6 Keys to a Kick-A$$ Internship Program

6 Keys to a Kick-A$$ Internship Program

In order to build your employment brand with the current generation, you have an internship program.  You bring college students into your company for several weeks in the summer to give them exposure to your workplace.  You want them to go back to campus and talk about how your company is the best place to work.

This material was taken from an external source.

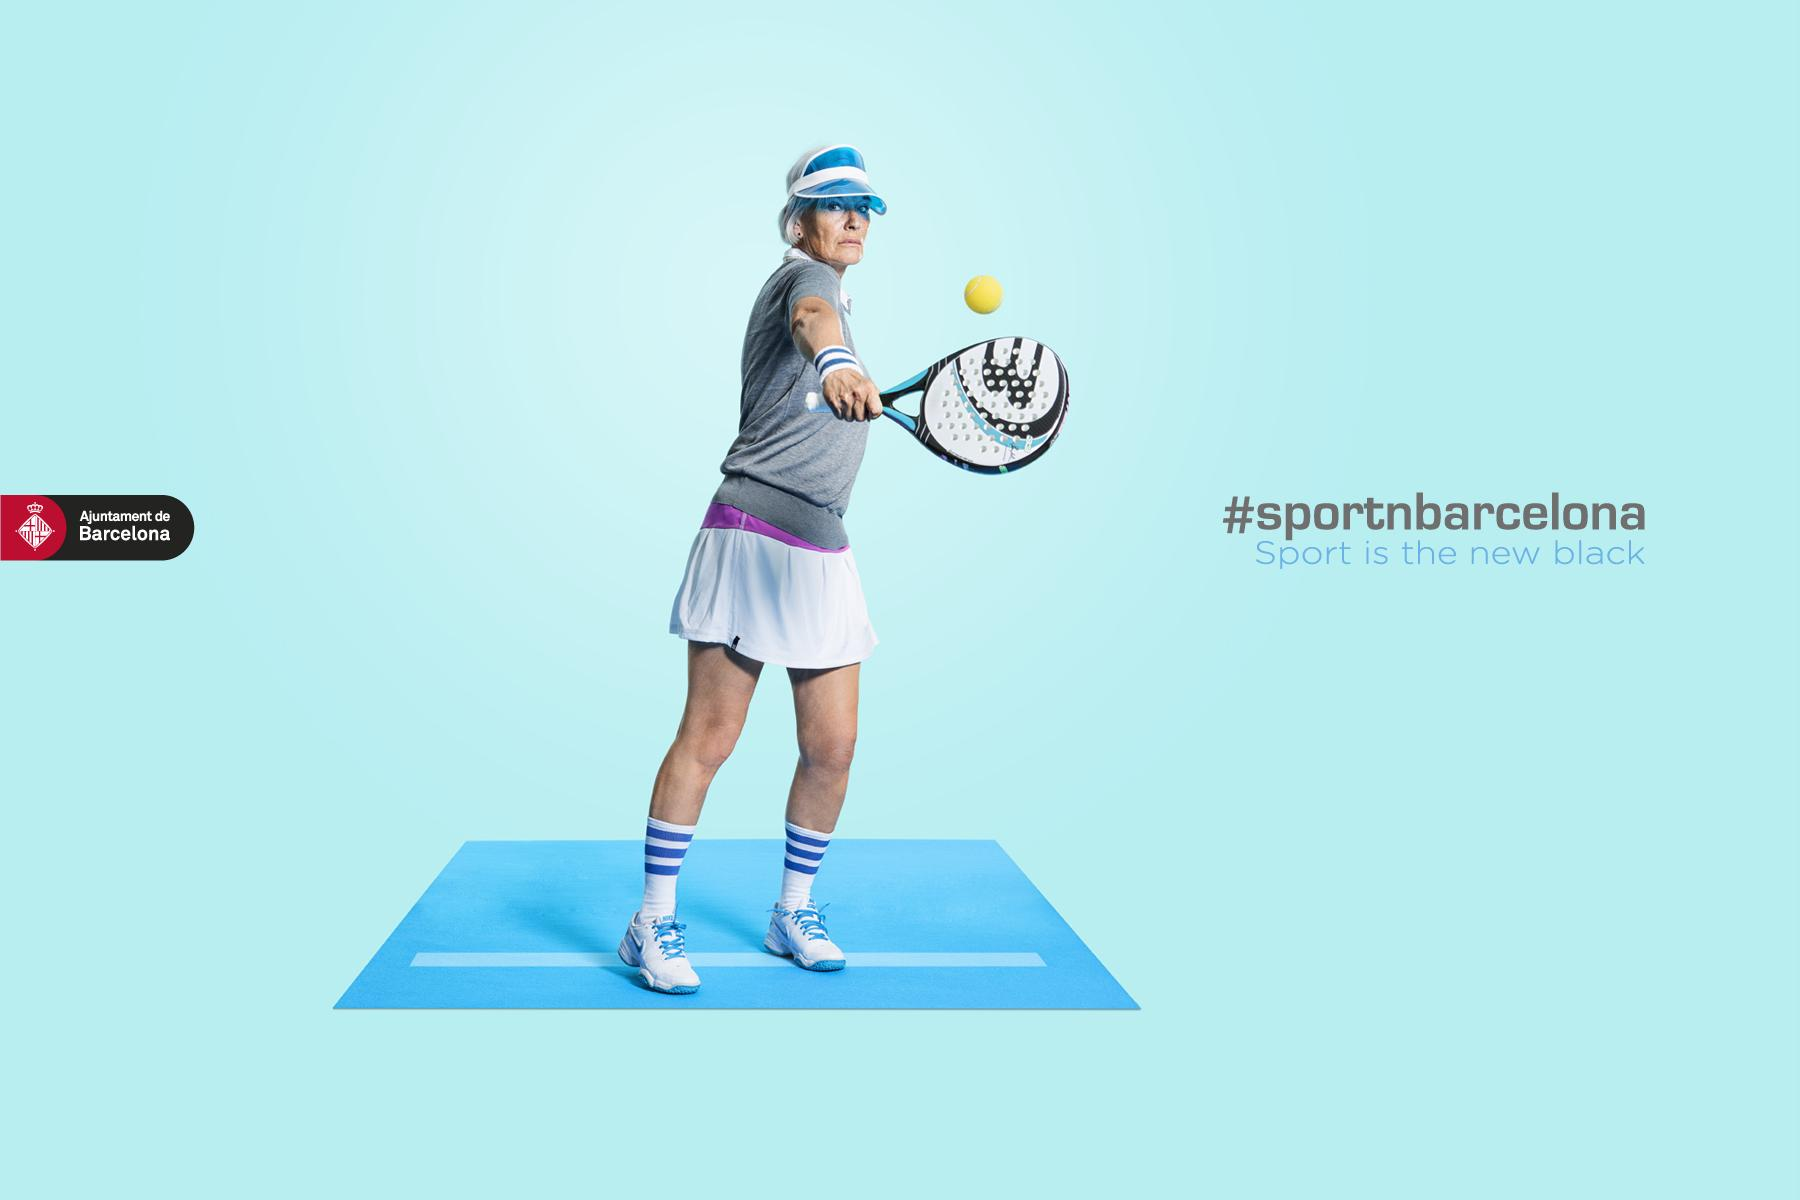 Barcelona City Council Print Ad -  #sportnbarcelona, 2

Well, just having an intern program is not enough to build a stellar brand with college students who have the skills and abilities that you want.  You need a plan for the program that will leave them thrilled with their experience.  You want a kick-a$$ internship program.  Here’s how to get one:

  1. Have hiring standards. Your internship program should not be summer jobs for your executives’ kids (unless, of course, said kids are qualified).  Have some requirements – major, GPA, leadership experience, something – to be an intern at your company.  Students want to feel that they are among others who were ‘selected for,’ not ‘given’ an internship.
  2. Give them real work to do. Yes, everyone’s job at some point involves mundane tasks like photocopying, but your interns shouldn’t be doing those tasks any more often than the average employee.  Given them real assignments and responsibilities on projects that are exactly what you would expect an entry-level hire to take on.  They want to contribute to the company and use the skills and abilities they have developed in college.
  3. Give them access to executives or other people in “cool” positions. Nothing energizes interns more than a group lunch with the CEO or a Q&A session with the lead engineer who developed your hot product.  The best internship programs have regular meetings between executives and the interns. These interactions make the interns feel important to the company and allow the executives to see future talent in action.
  4. Assign them a buddy. Give each intern a full-time employee as a buddy.  They can use this person to help them navigate the org chart, the building and the basic questions – things they wouldn’t want to ask their boss.  Use former interns and junior staffers as your pool of buddies.  They typically love being involved and you can assess their mentoring skills in the process.
  5. Provide opportunities to connect with the other interns. Organize occasional informal lunches for the interns to meet each other.  Create local volunteer opportunities for them to join.  Encourage them to share their work and assignments with each other.  Even if you don’t have many interns in the same location, find ways for them to connect via a company tool like Slack or just a Facebook group.  Interns who form friendships often encourage each other to return to the company full-time.
  6. Give them regular feedback. Do not wait until the end of the internship to tell them how they did.  Most interns are only with a company for about 10 weeks.  They should get feedback about their performance regularly.  You can accomplish this through weekly meetings with their supervisors or project managers.  You can also, more effectively, coach intern managers to provide feedback on the spot as an intern accomplishes something or misses the mark on something else.

If you incorporate these 6 things into your internship program, your interns will return to campus (and social media) with extremely positive things to say about their experience and your company.  And ultimately you will have your next set of entry-level hires.